ABOUT THIS TASK: Each entry needs to appear again, retyped exactly as it is below.

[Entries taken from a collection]

══════

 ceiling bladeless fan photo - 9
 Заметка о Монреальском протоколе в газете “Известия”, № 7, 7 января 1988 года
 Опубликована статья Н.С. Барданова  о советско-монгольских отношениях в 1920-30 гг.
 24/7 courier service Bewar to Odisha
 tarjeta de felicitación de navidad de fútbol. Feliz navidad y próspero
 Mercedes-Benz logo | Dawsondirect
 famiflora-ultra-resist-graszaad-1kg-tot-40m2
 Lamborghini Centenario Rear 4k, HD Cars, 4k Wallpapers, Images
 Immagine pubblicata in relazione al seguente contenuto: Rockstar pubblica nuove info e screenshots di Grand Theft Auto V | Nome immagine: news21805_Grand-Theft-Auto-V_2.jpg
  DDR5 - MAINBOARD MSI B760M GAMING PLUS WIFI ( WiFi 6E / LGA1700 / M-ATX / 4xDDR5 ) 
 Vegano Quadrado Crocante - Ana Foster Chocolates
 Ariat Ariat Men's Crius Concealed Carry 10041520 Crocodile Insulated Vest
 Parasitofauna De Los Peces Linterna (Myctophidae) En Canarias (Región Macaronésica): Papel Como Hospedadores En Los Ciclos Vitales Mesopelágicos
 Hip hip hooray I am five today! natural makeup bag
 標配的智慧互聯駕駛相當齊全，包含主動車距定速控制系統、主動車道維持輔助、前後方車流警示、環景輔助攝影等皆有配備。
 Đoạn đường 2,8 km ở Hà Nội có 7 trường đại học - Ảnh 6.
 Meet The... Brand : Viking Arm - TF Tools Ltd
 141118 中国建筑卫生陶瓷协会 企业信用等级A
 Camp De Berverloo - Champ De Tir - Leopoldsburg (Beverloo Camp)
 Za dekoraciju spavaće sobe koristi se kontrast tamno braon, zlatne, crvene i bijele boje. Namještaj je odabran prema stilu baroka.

══════

REPLY:
 ceiling bladeless fan photo - 9
 Заметка о Монреальском протоколе в газете “Известия”, № 7, 7 января 1988 года
 Опубликована статья Н.С. Барданова  о советско-монгольских отношениях в 1920-30 гг.
 24/7 courier service Bewar to Odisha
 tarjeta de felicitación de navidad de fútbol. Feliz navidad y próspero
 Mercedes-Benz logo | Dawsondirect
 famiflora-ultra-resist-graszaad-1kg-tot-40m2
 Lamborghini Centenario Rear 4k, HD Cars, 4k Wallpapers, Images
 Immagine pubblicata in relazione al seguente contenuto: Rockstar pubblica nuove info e screenshots di Grand Theft Auto V | Nome immagine: news21805_Grand-Theft-Auto-V_2.jpg
  DDR5 - MAINBOARD MSI B760M GAMING PLUS WIFI ( WiFi 6E / LGA1700 / M-ATX / 4xDDR5 ) 
 Vegano Quadrado Crocante - Ana Foster Chocolates
 Ariat Ariat Men's Crius Concealed Carry 10041520 Crocodile Insulated Vest
 Parasitofauna De Los Peces Linterna (Myctophidae) En Canarias (Región Macaronésica): Papel Como Hospedadores En Los Ciclos Vitales Mesopelágicos
 Hip hip hooray I am five today! natural makeup bag
 標配的智慧互聯駕駛相當齊全，包含主動車距定速控制系統、主動車道維持輔助、前後方車流警示、環景輔助攝影等皆有配備。
 Đoạn đường 2,8 km ở Hà Nội có 7 trường đại học - Ảnh 6.
 Meet The... Brand : Viking Arm - TF Tools Ltd
 141118 中国建筑卫生陶瓷协会 企业信用等级A
 Camp De Berverloo - Champ De Tir - Leopoldsburg (Beverloo Camp)
 Za dekoraciju spavaće sobe koristi se kontrast tamno braon, zlatne, crvene i bijele boje. Namještaj je odabran prema stilu baroka.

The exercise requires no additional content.